Morgan Stanley’s estimates indicate that revenue, EBITDA, profit before tax, and net profit for their coverage universe (excluding state-owned oil companies) will exhibit year-on-year growth rates of just 4%, 6%, 5%, and 5%, respectively.

The Sensex index is expected to see only 1% revenue growth and 3% net profit growth, while the Nifty index is forecasted to achieve 2% revenue growth and a mere 1% increase in net profit during the same period. This modest performance contrasts sharply with the double-digit growth trends experienced over the prior three years.

Although earnings growth remains positive, the expansion of profit margins is anticipated to occur at a slower pace, adding to the challenges faced by Indian businesses. Analysts project that margins will grow by 50 basis points year-on-year, continuing a trend of margin expansion for the seventh consecutive quarter. However, this growth rate is expected to be slower compared to earlier quarters.

In terms of sector performance, defensive stocks are likely to outperform, with Communication Services and Industrials predicted to lead in revenue growth. The Materials sector, on the other hand, is expected to lag, mainly due to declining earnings. In regard to earnings growth specifically, Communication Services, Health Care, and Utilities are forecasted to excel, while the Materials and Energy sectors are projected to face declines.

At the stock level, Bharti Airtel, Tata Consultancy Services, and NTPC are expected to significantly contribute to the overall earnings of the Sensex. Conversely, JSW Steel is predicted to be one of the weakest performers for the quarter.

Additionally, analysts expect that half of the coverage universe will report margin expansion, with Utilities and Financials likely to see the most substantial improvements. However, sectors such as government-owned oil companies and construction materials are expected to encounter declining margins, compounding their difficulties.

Looking ahead, analysts forecast three-year compound annual growth rates (CAGRs) for Sensex and Nifty revenues at 11% and 12%, respectively, with net profit CAGRs of 15% and 10%. Nonetheless, the consensus earnings growth estimate for the Sensex for fiscal year 2025 has been reduced by 3% over the past three months, now at 13.4%, indicating increasing caution among market participants.

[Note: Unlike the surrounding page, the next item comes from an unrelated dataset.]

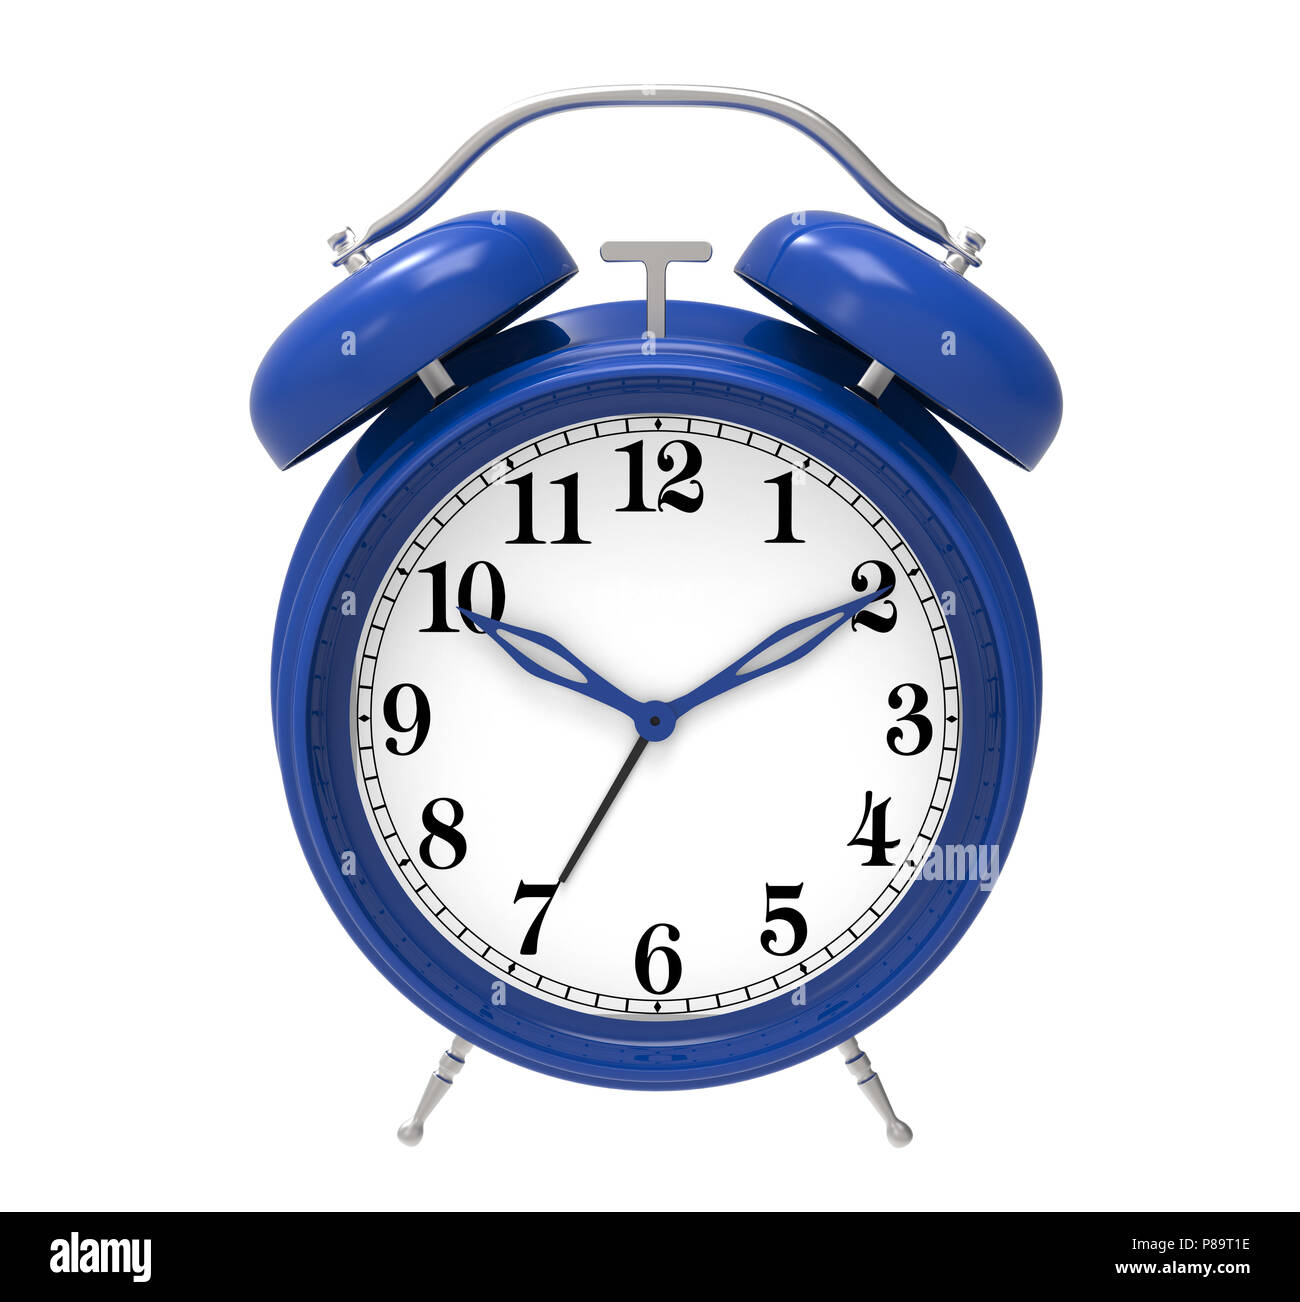 blue alarm clock isolated on white background Stock Photo

In this context, Health Care and Utilities have seen the most favorable earnings revisions recently, indicating potential growth in these sectors. Analysts recommend investing in large private banks, select consumer and industrial stocks, and shares of IT service companies as the earnings season approaches.

Certain companies, such as Bharti Airtel, have a promising outlook due to anticipated future tariff hikes, while NTPC’s growth relies on capacity additions. However, risks remain, including higher capital expenditures, delays in tariff increases, and weaker-than-expected market conditions.

Tata Consultancy Services presents a mixed outlook, showing strong growth potential linked to its execution capabilities and favorable currency movements, while facing macroeconomic headwinds, rising attrition rates, and geopolitical risks.

JSW Steel, predicted to have one of the weakest earnings performances, faces significant risks from declining steel prices and possible delays in expansion projects. Nevertheless, strong domestic demand could mitigate some of these challenges.

In conclusion, while Indian corporations have shown resilience, the outlook for the September quarter suggests increasing uncertainty and the likelihood of a slowdown, highlighted by soft revenue growth and limited margin expansion. Analysts at Morgan Stanley remain cautious, advising selective exposure in key sectors as companies navigate this challenging landscape.